Our client is a fast growing proprietary trading firm. They are seeking an experienced Senior Quantitative Recruiterto join a highly technical, research-led organisation operating at the intersection of quantitative finance, advanced engineering, and digital asset markets.


This role sits within a fast-growing, performance-driven environment focused on building world-class teams across quantitative research, trading, and low-latency engineering. The successful candidate will partner directly with senior stakeholders to deliver business-critical hiring initiatives and support the continued scaling of elite technical teams globally.


This opportunity is ideally suited to recruiters currently working within hedge funds, proprietary trading firms, market makers, or research-led technology organisations seeking greater ownership and strategic impact.



Key responsibilities:



• Own end-to-end recruitment across quantitative research, trading, and advanced engineering hiring mandates.

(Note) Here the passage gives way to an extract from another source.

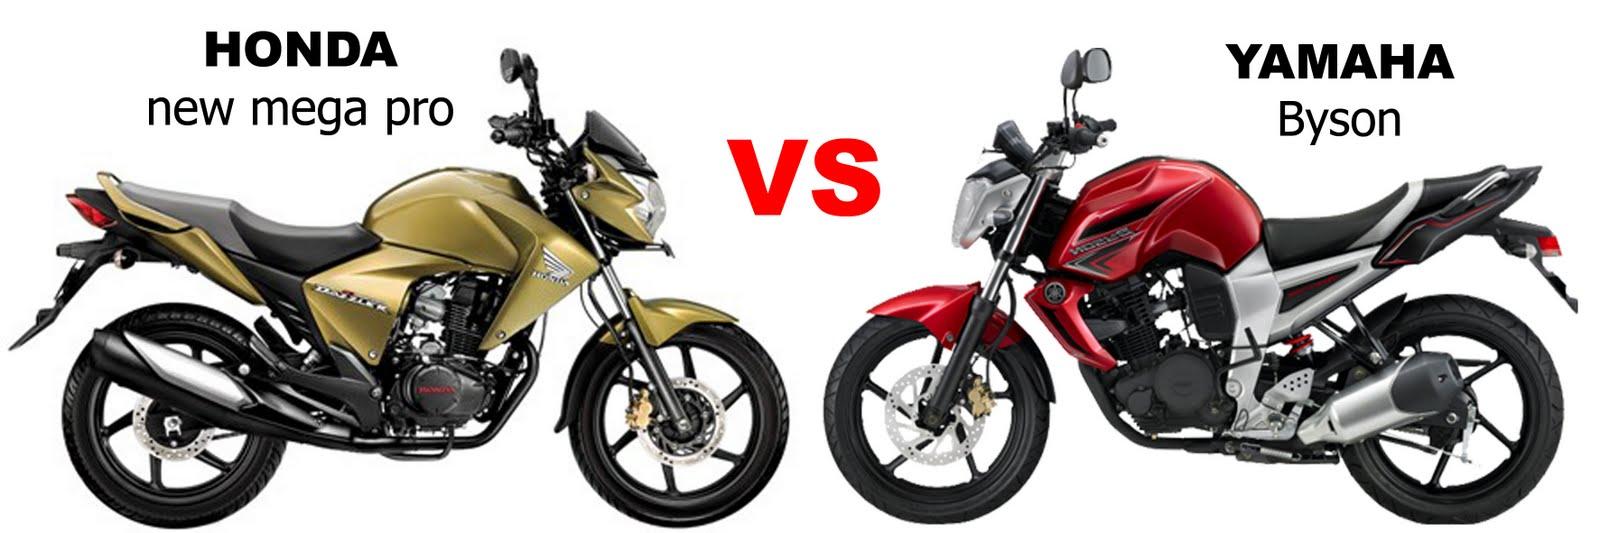 Adu Tangguh Yamaha Byson Vs Honda New Megapro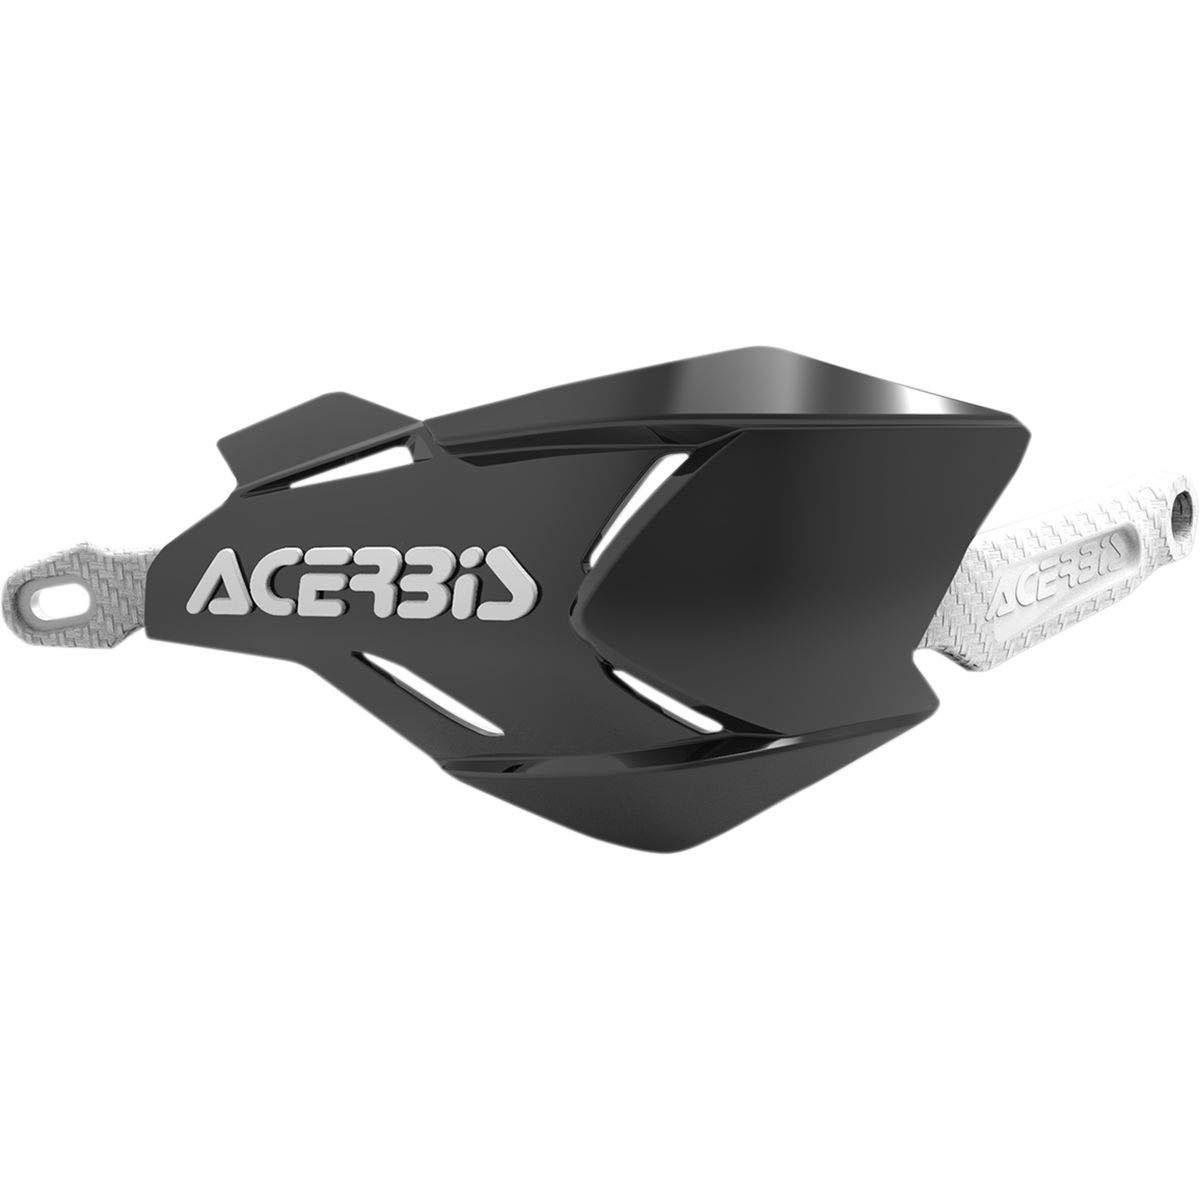 Acerbis Handguards Enduro MX Handprotektoren X-Factory weiss schwarz

• Partner closely with senior hiring managers to define role scope, hiring strategy, and success profiles.

• Proactively source and engage highly specialised technical talent across global markets.

• Manage confidential and business-critical searches with professionalism and discretion.

• Assess candidates for technical capability, long-term potential, and cultural alignment.

• Develop and maintain strong international talent pipelines across Europe, the UK, and the US.

• Provide market intelligence on hiring trends, compensation benchmarks, and talent availability.

• Deliver an exceptional candidate experience throughout the recruitment lifecycle.

• Support structured interview processes and stakeholder decision-making.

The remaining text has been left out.